• **Your assignment**
From the first line to the last, return the data exactly, with no pictures.
[Dataset extract Boundary: Start]
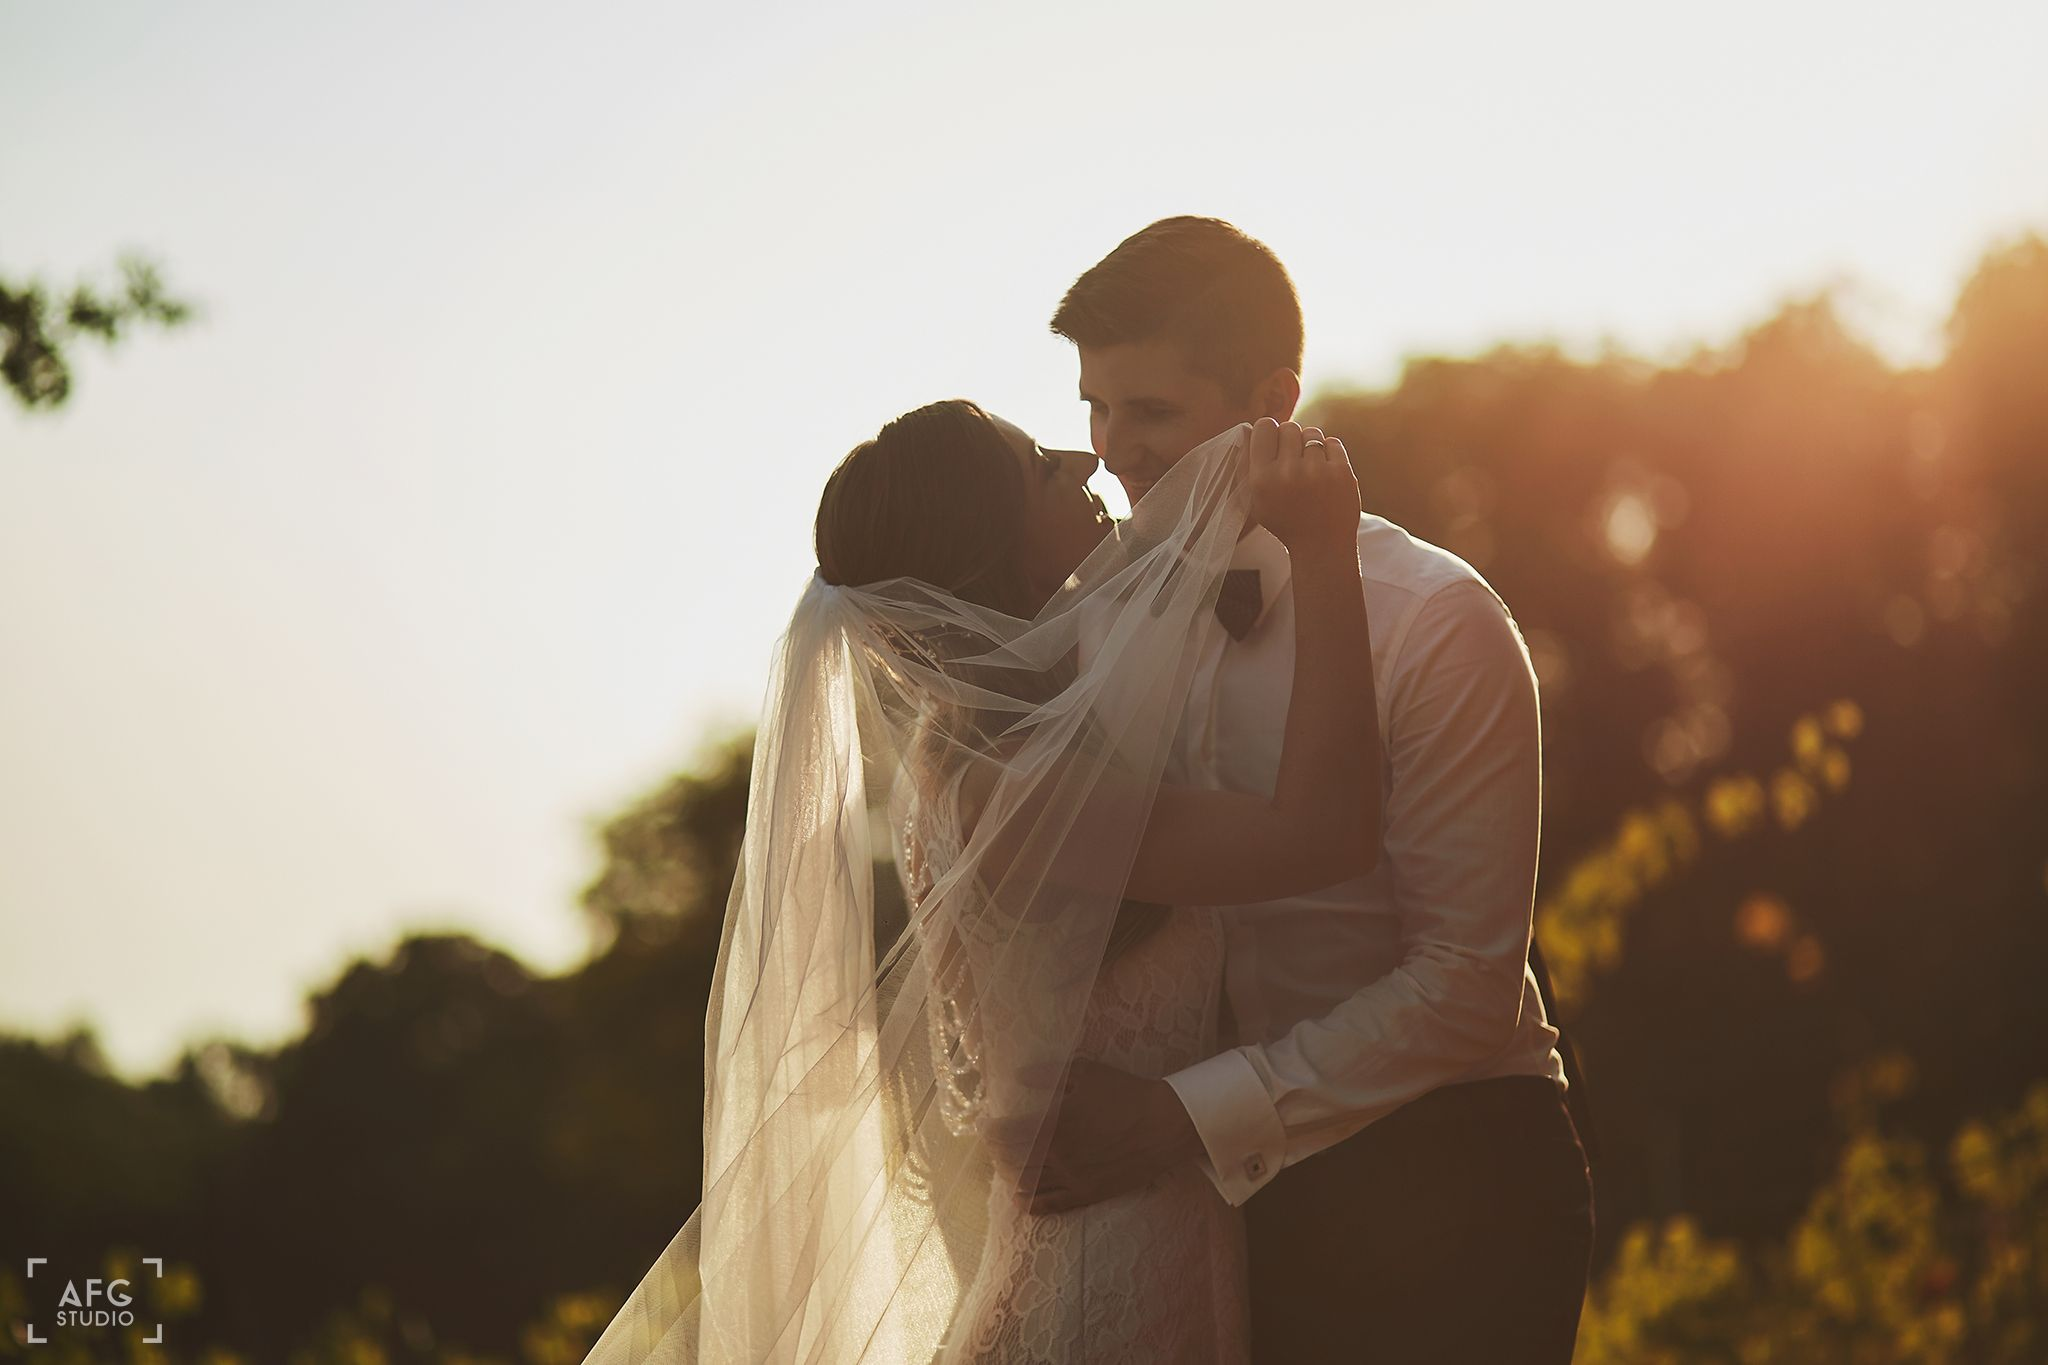 welon, mąż, żona, suknia ślubna
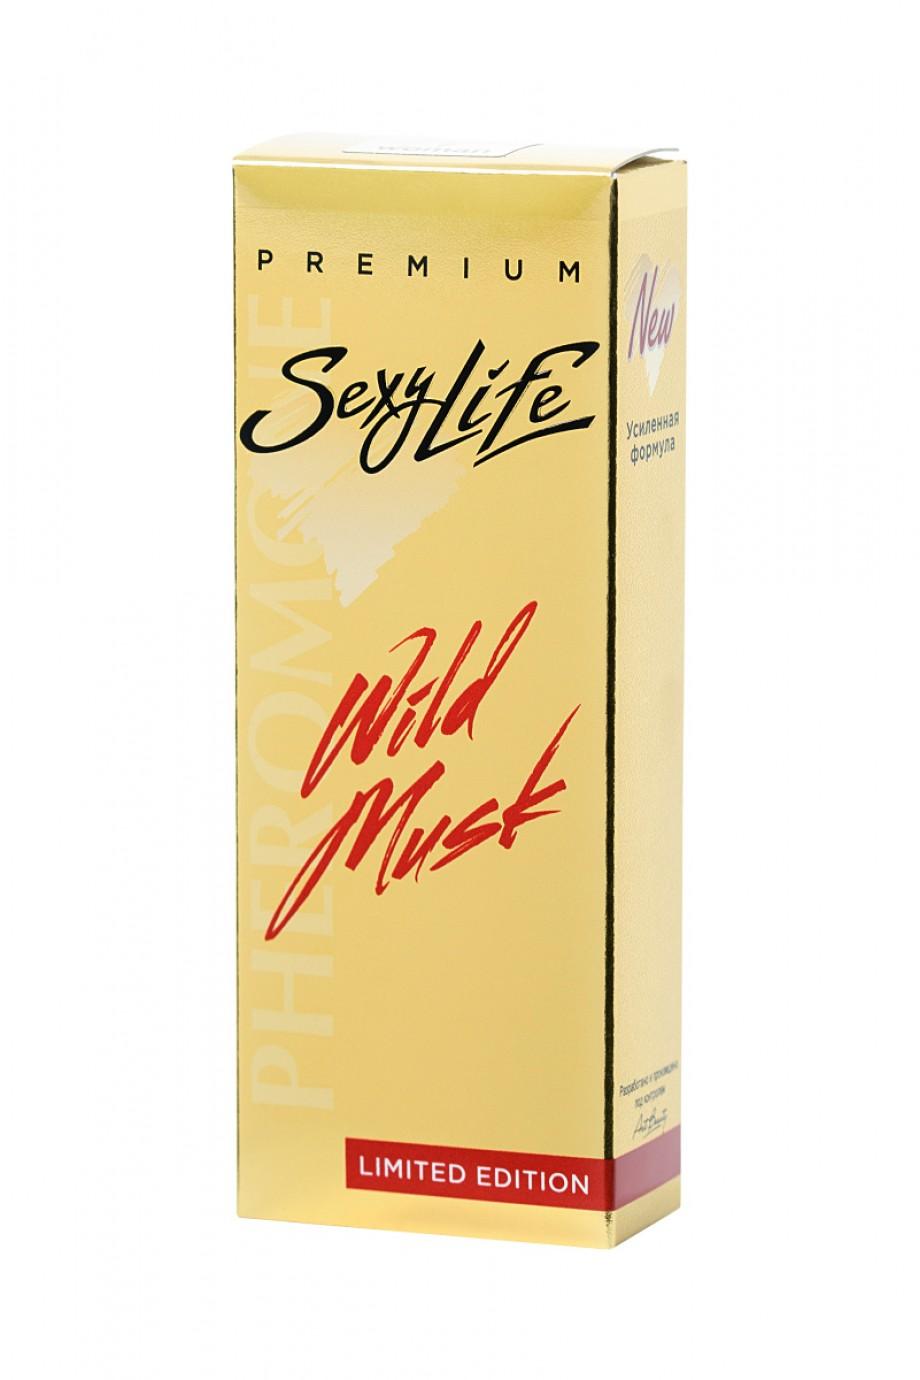 Духи с феромонами Wild Musk №3 философия аромата Sublime Balkiss, женские, 10 мл
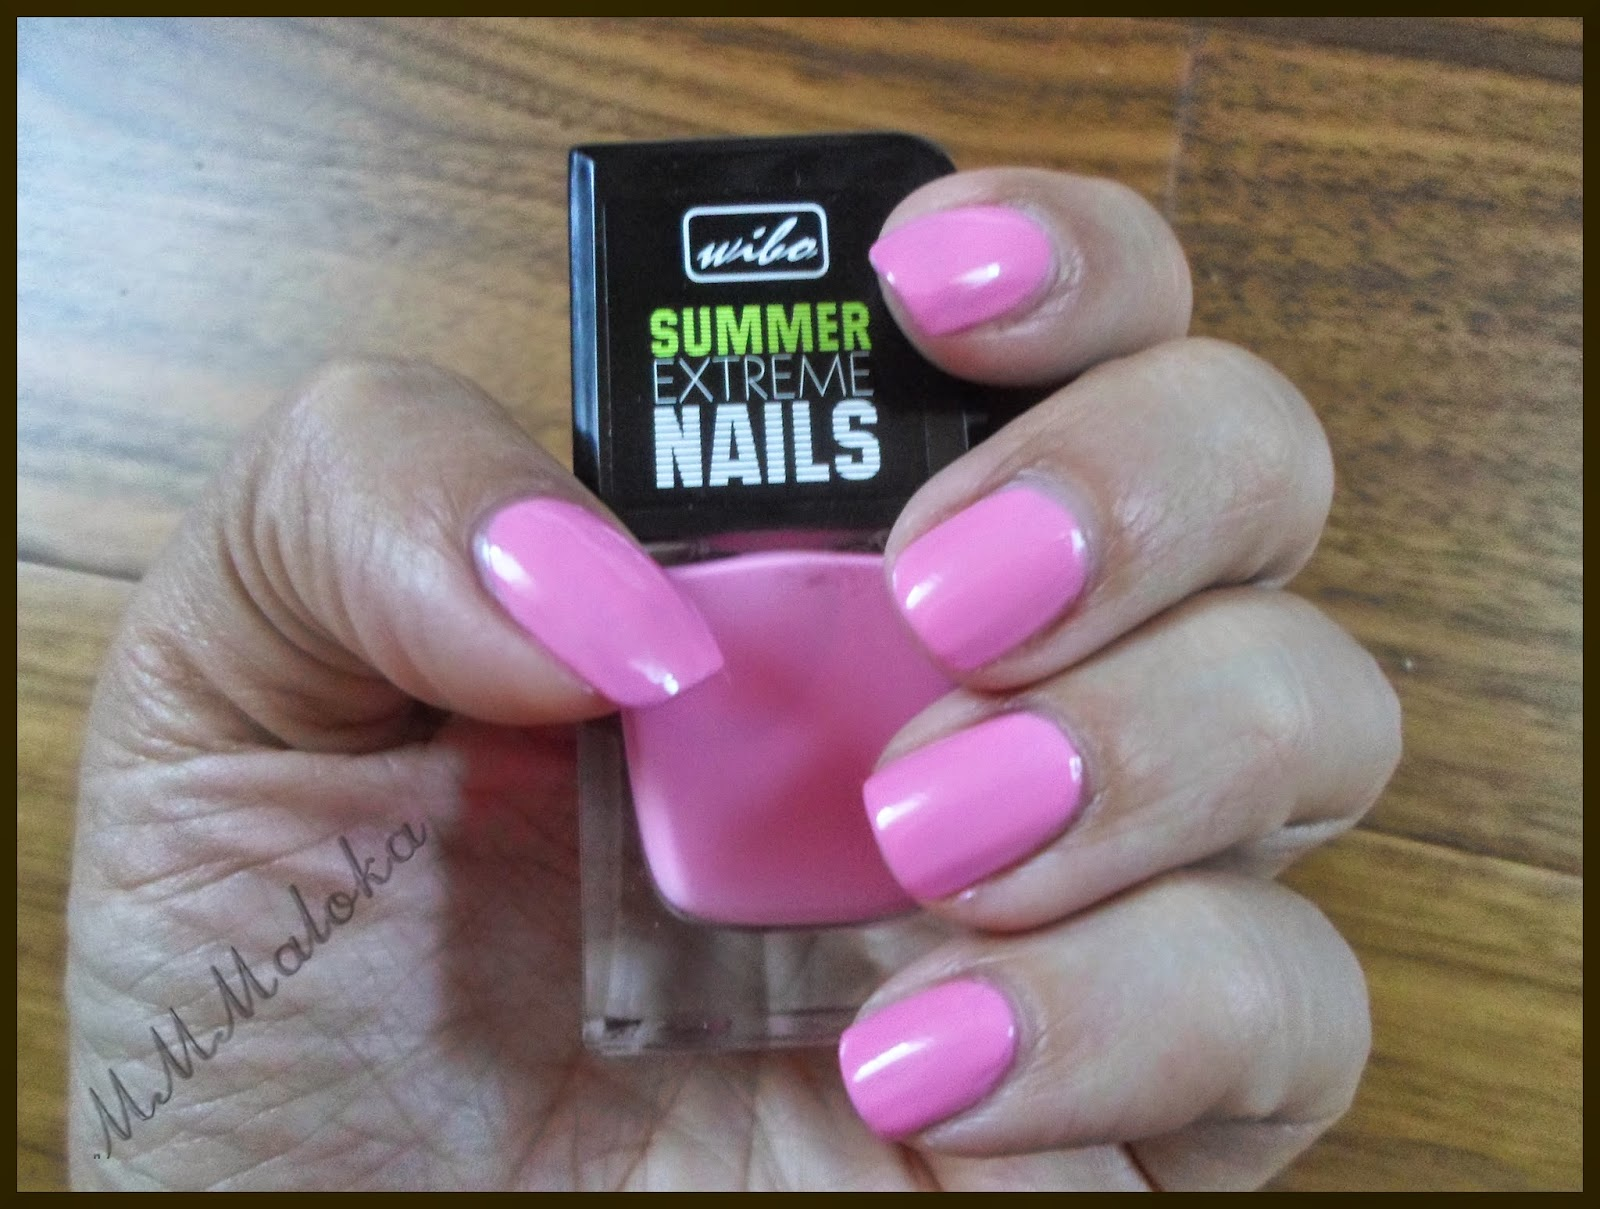 Summer Extreme Nails od Wibo
[Dataset extract Boundary: End]
• **Answer box**
 welon, mąż, żona, suknia ślubna
 Духи с феромонами Wild Musk №3 философия аромата Sublime Balkiss, женские, 10 мл
 Summer Extreme Nails od Wibo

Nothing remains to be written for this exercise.